Talk given at the Machine Learning and Data Analytics Symposium (MLDAS 2019). https://qcai.qcri.org/index.php/events/mldas-2019/.
Contact me if you're interested in the topic of poverty mapping or data for development in general.
Call Us ≽ 9953322196 ≼ Call Girls In Mukherjee Nagar(Delhi) |
Using advertising data to model migration, poverty and digital gender gaps
1. Using Advertising Data to Model Migration,
Poverty and Digital Gender Gaps
Ingmar Weber
April 1, 2019
MLDAS
@ingmarweber
2. Great Collaborators
• Mapping poverty in the Philippines
– with UNICEF and Thinking Machines
• Tracking digital gender gaps
– with Data2X and University of Oxford
• Monitoring the Venezuelan exodus
– with UNHCR, UNICEF and iMMAP
Joao Palotti
Masoomali Fatehkia
8. Why Map Poverty?
• Monitor sustainable development
• Plan better poverty reduction interventions
• Impact assessment of interventions
– Low latency a huge plus
9. Obtaining Training Data
• 2017 household survey implemented by the
Philippine Statistics Authority (PSA)
• Representative sample of ~40 households in
n=1214 “clusters”
• Asset ownership based wealth index (y=WI)

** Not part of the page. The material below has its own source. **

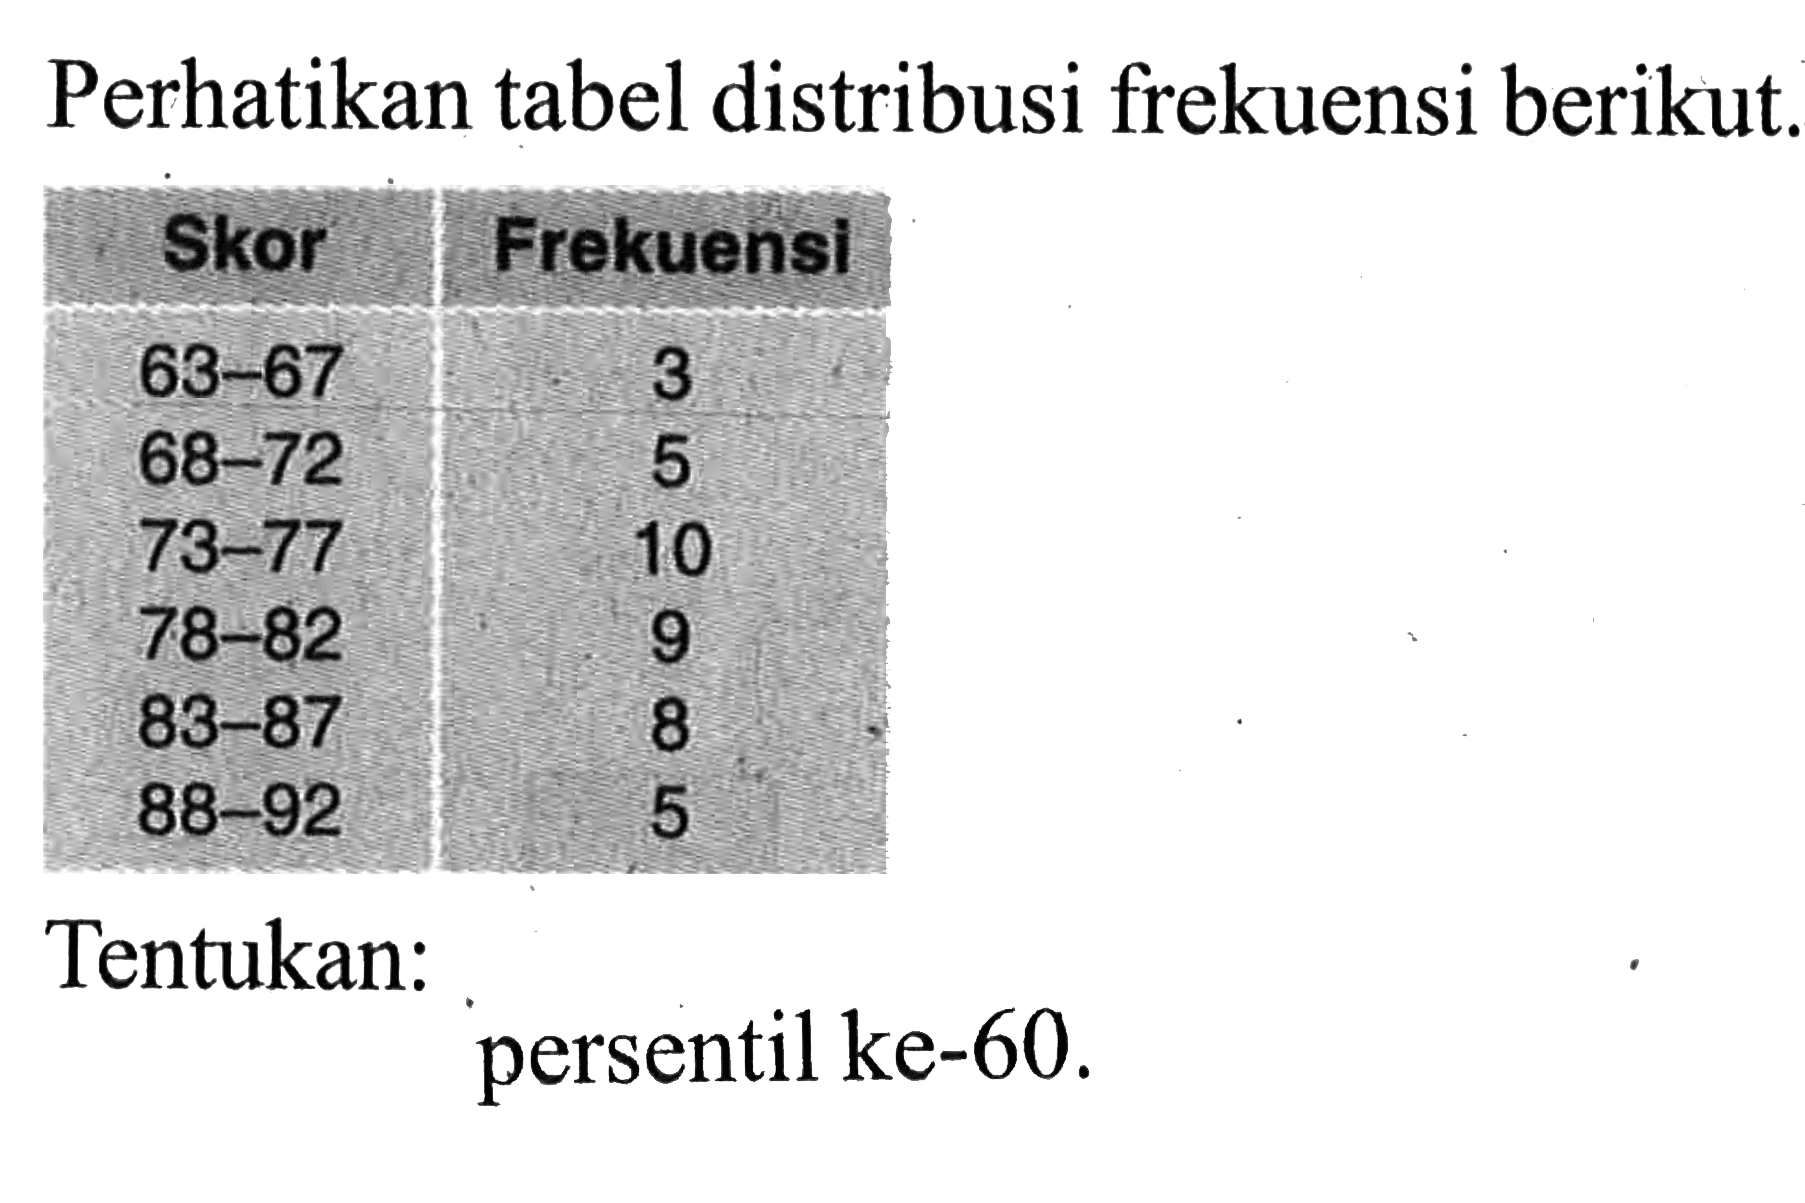 Perhatikan tabel distribusi frekuensi berikut. Skor Frekuensi 63 - 67 3 68 - 72 5 73 - 77 10 78 - 82 9 83 - 87 8 88 - 92 5 Tentukan: persentil ke-60.

=> standard regression task
10. Sources of Ground Truth Noise
• Sampling noise
– Wealth index depends on particular households
– Expected R^2 = .95 (bootstrap estimate)
• Spatial perturbation
– True location is (x,y), but reported at (x’,y’)
– Protects privacy
– Expected R^2 = .89 (simulations)
• Combined
– Expected R^2 = .84
– “Expected upper bound”
11. Features to Map Poverty
24 variables on connection type,
device manufacturer, device type
12. Modeling the Wealth Index
● Model selection using LASSO:
Wealth Index / 1000 = - 96
+ 115 * (frac.FB users with 4G)
+ 216 * (frac. FB users with WiFi)
+ 48 * (frac. FB users with iOS)
- 89 * (frac. FB users with Cherry Mobile)
+ 11 * (frac. FB users with high end phones)
+ 30 * (FB penetration)
+ 3 * (log population density)
Tried regression trees, didn’t help
13. Modeling the Wealth Index
2017
2019
R^2 = 0.58
(10-fold CV)
Offl. baseline
R^2 = .37
Upper bound:
R^2 = .84
Due to DHS noise
15. Summary
- Challenging in low population areas (k-anonymity)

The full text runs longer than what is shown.